**SUPPLIED DATA:**
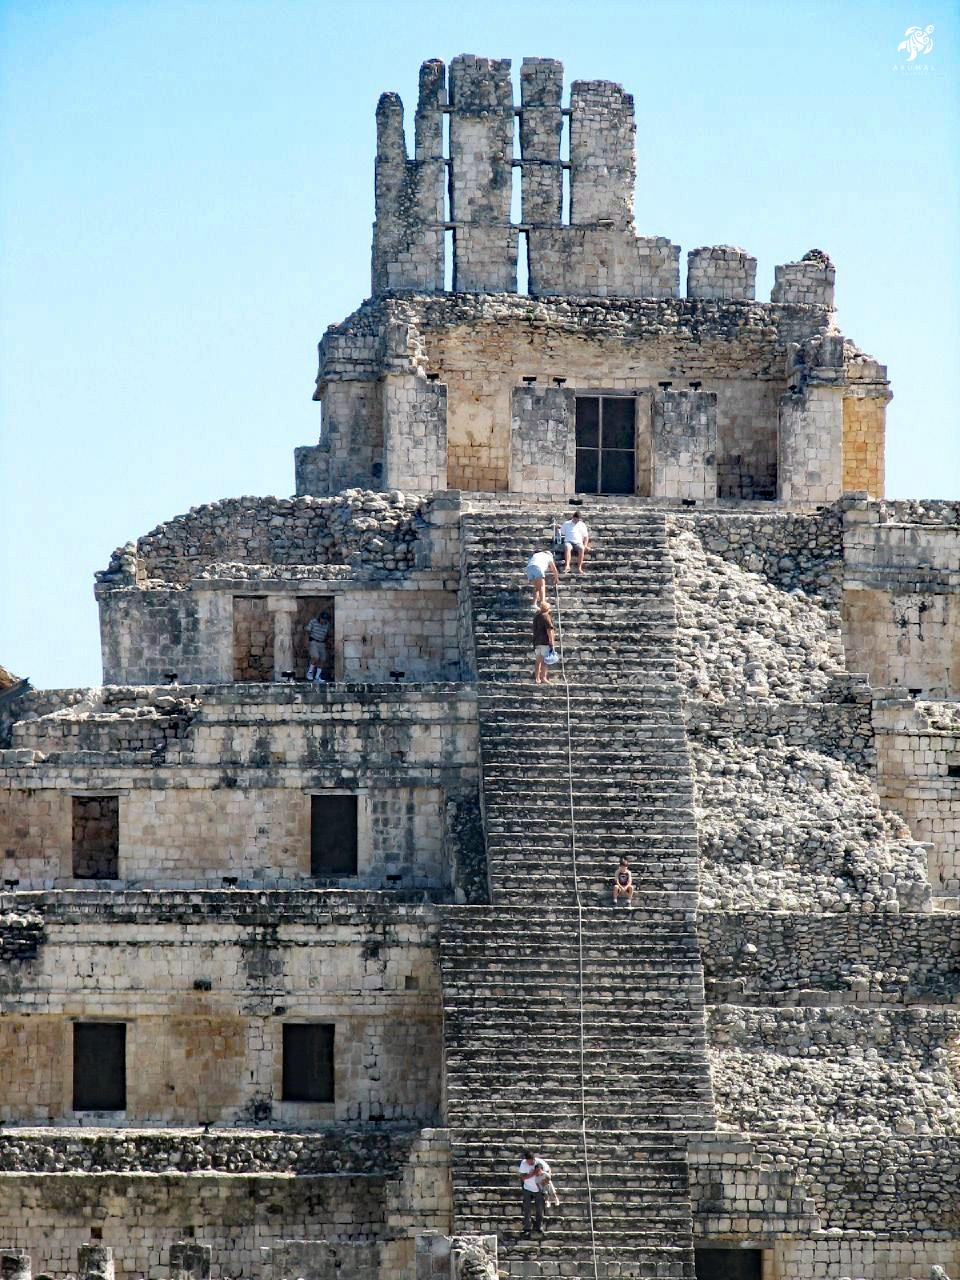 Climbing to the top of a Maya ruin
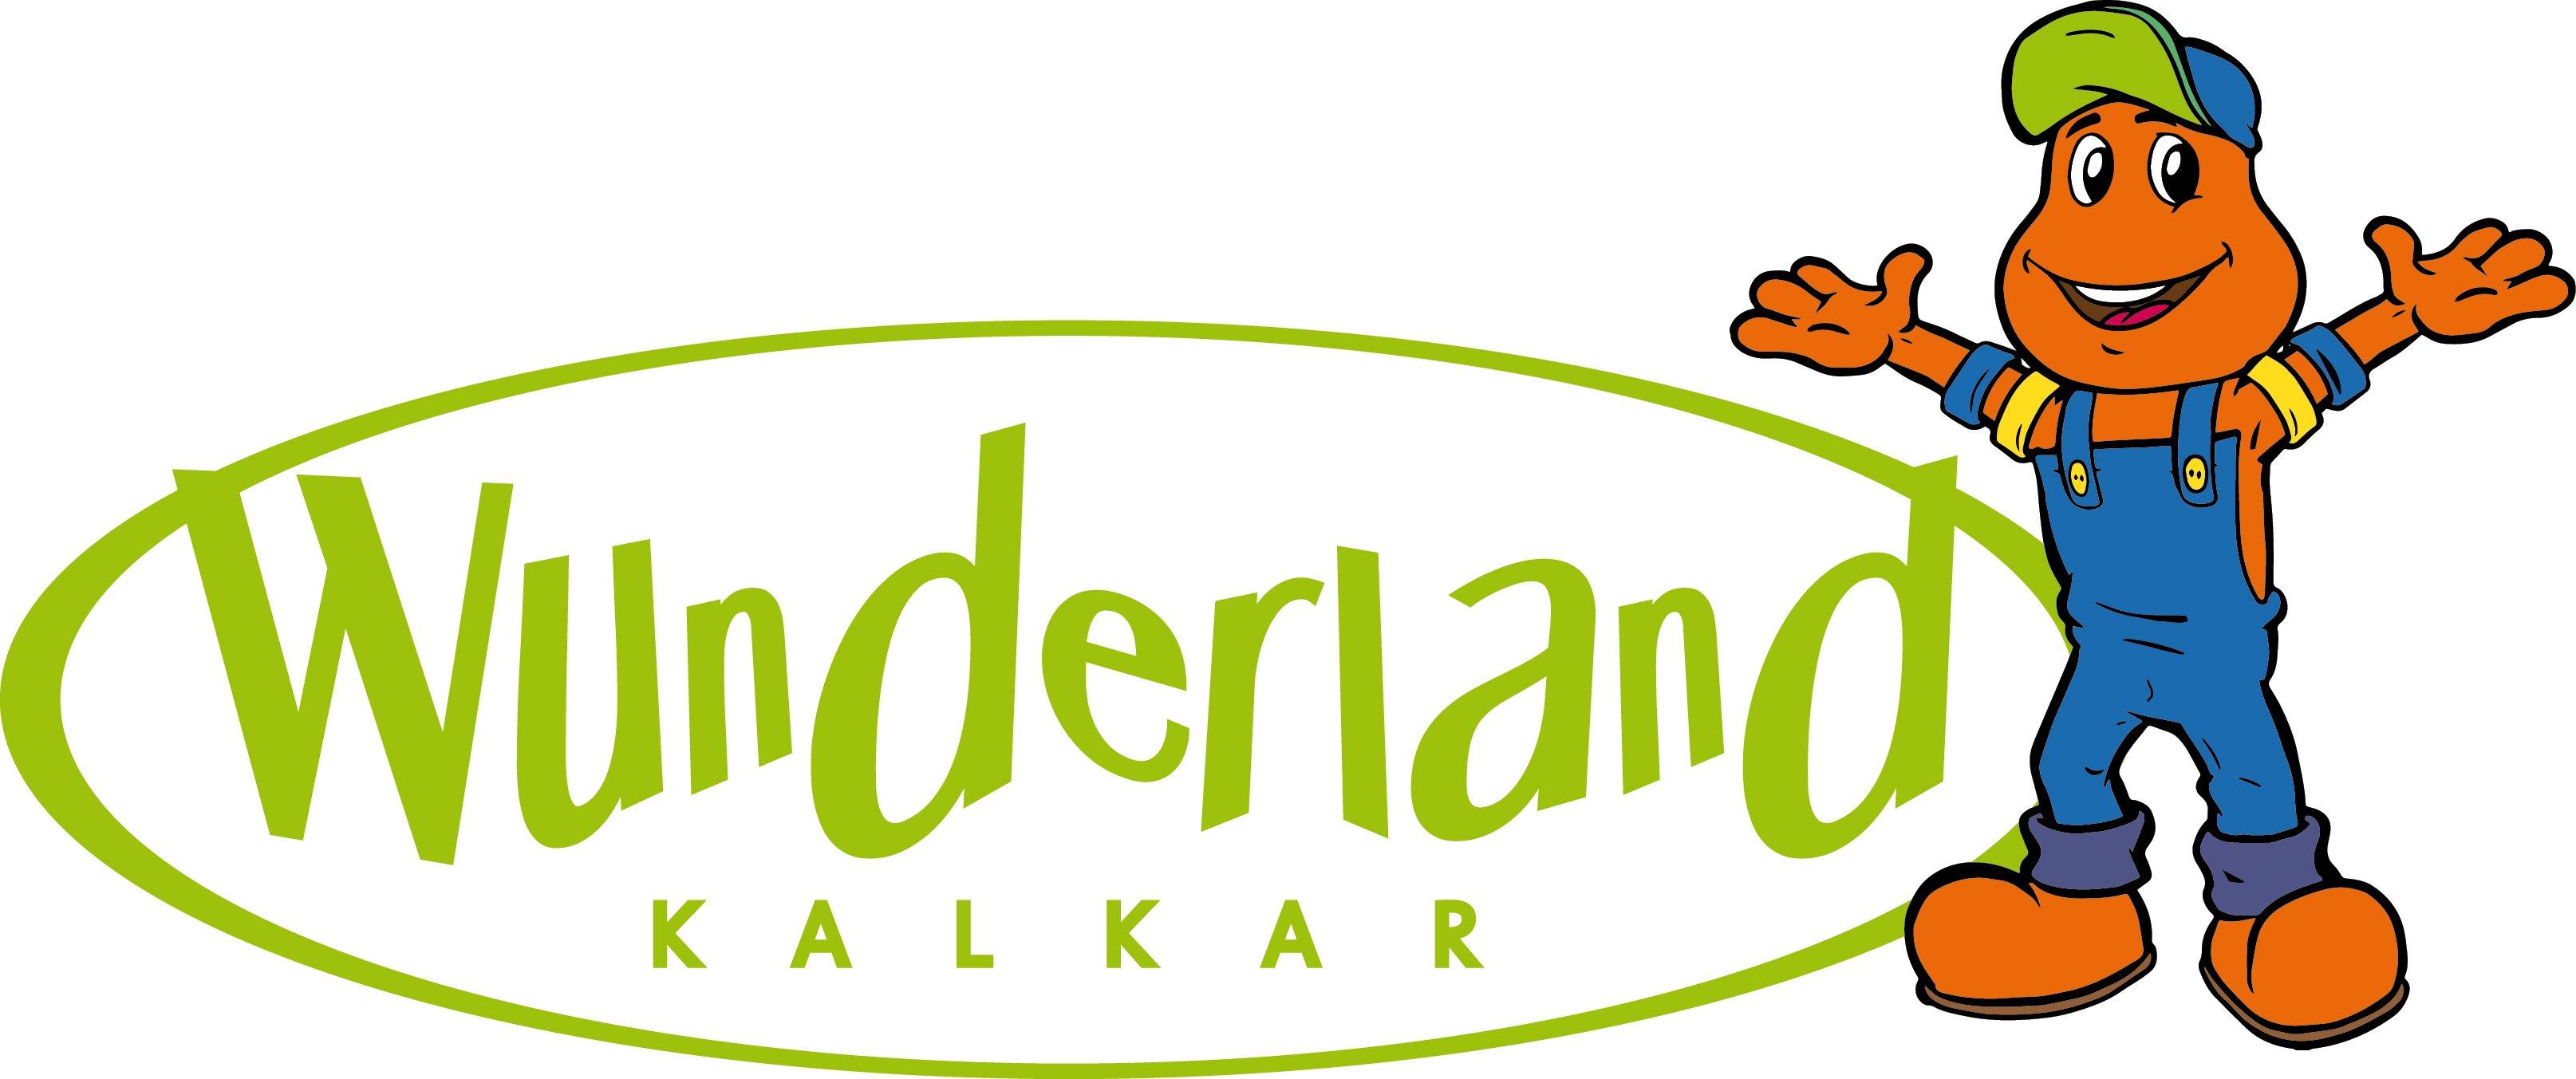 Logo-Kernie´s-Familienpark-im-Wunderland
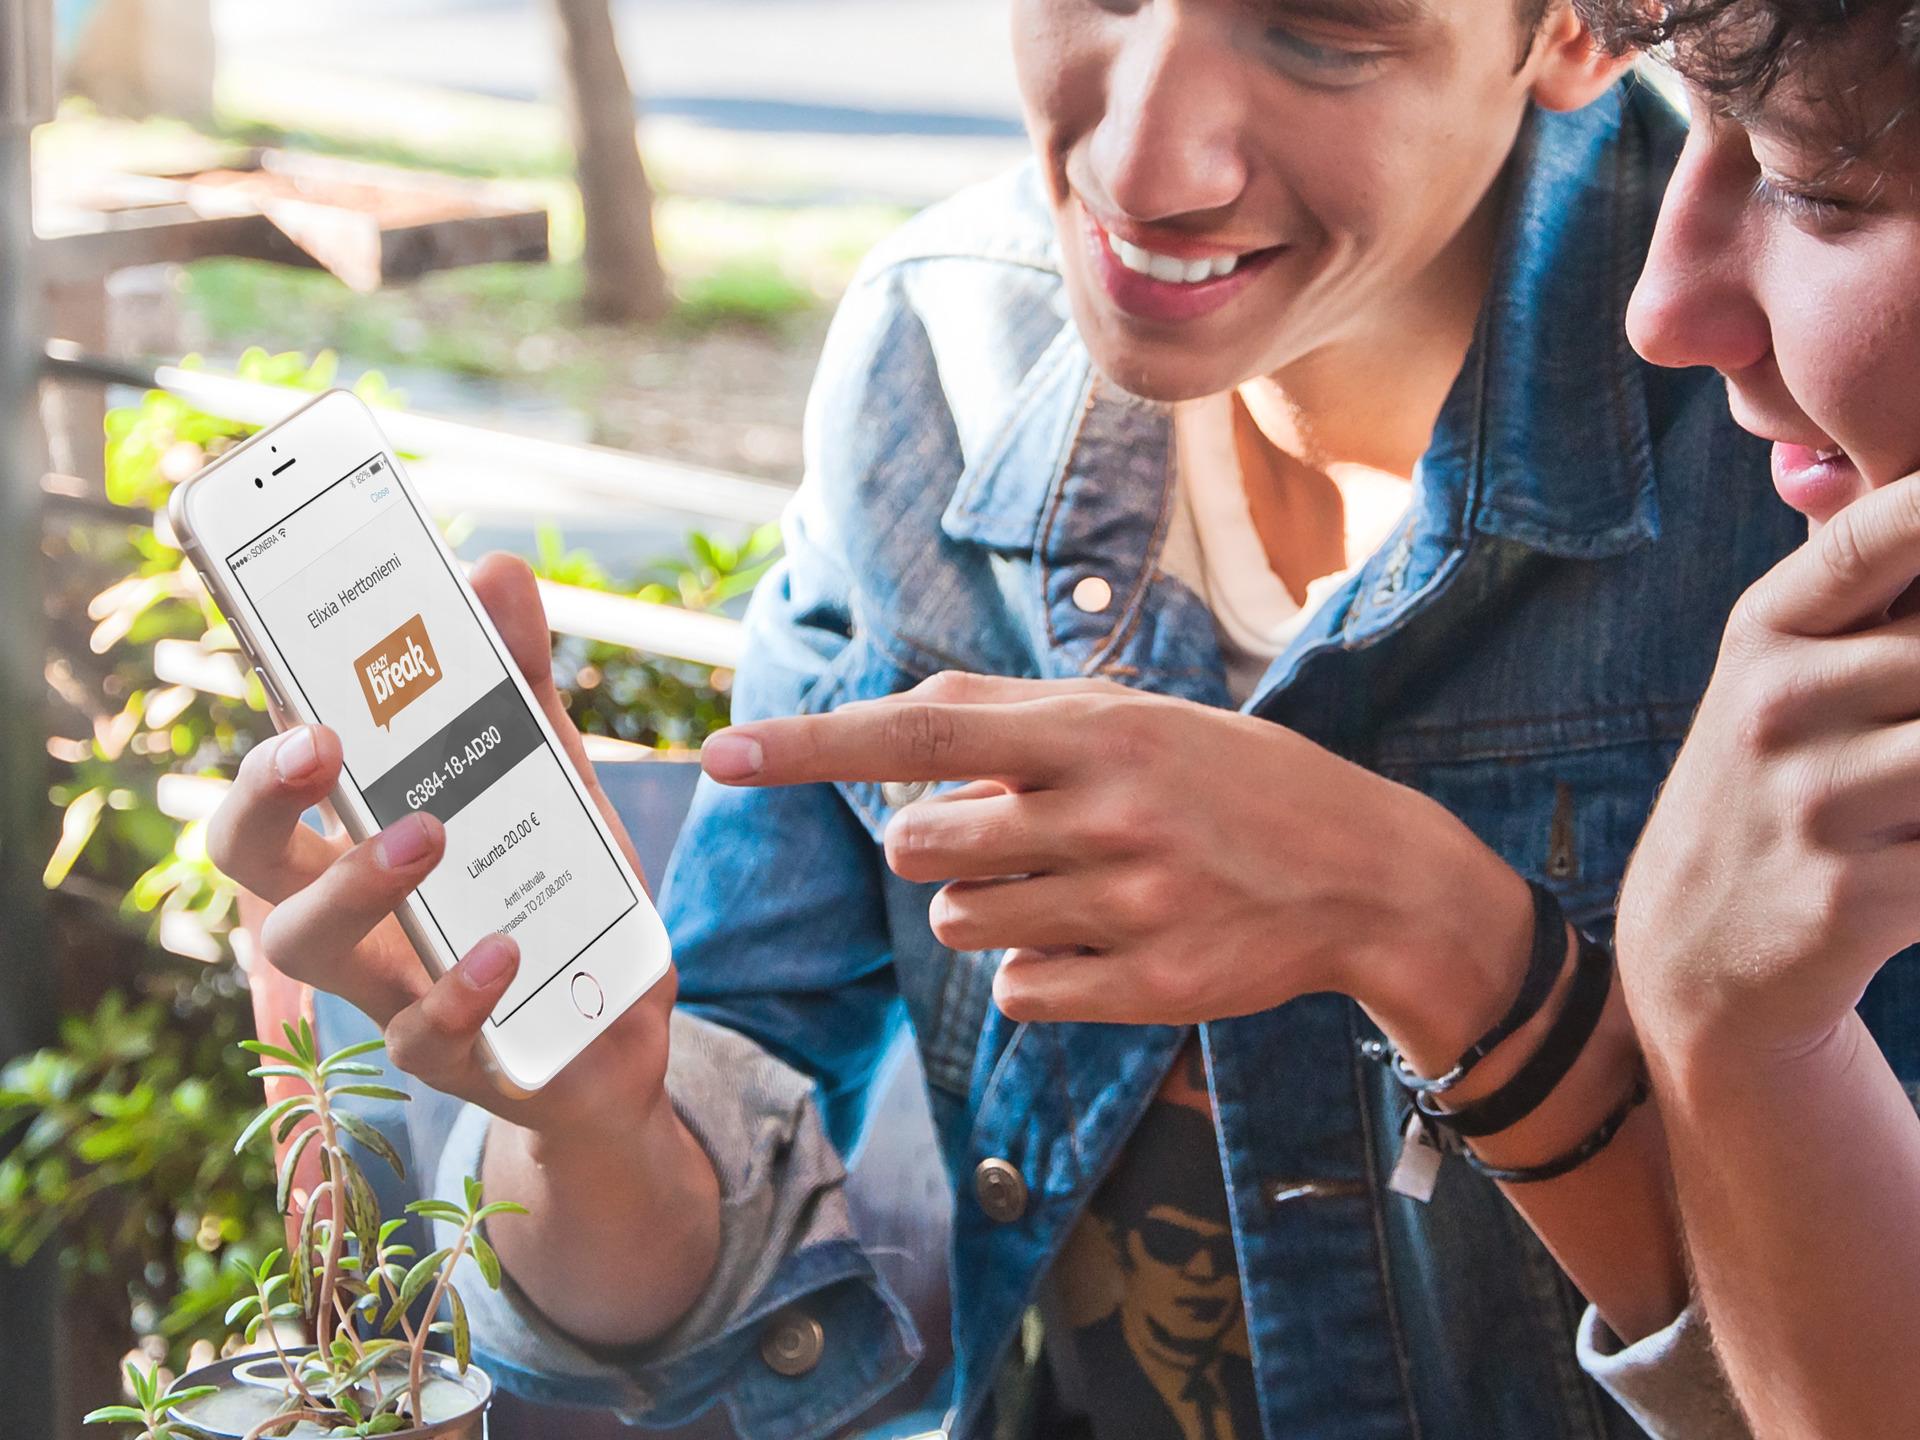 Eazybreak - liikunta- ja kulttuuriseteli mobiilipalveluna

**WHAT YOU NEED TO DO:** What is needed is a word-for-word copy of the data, minus its pictures.

**EXERCISE OUTPUT:**
 Climbing to the top of a Maya ruin
 Logo-Kernie´s-Familienpark-im-Wunderland
 Eazybreak - liikunta- ja kulttuuriseteli mobiilipalveluna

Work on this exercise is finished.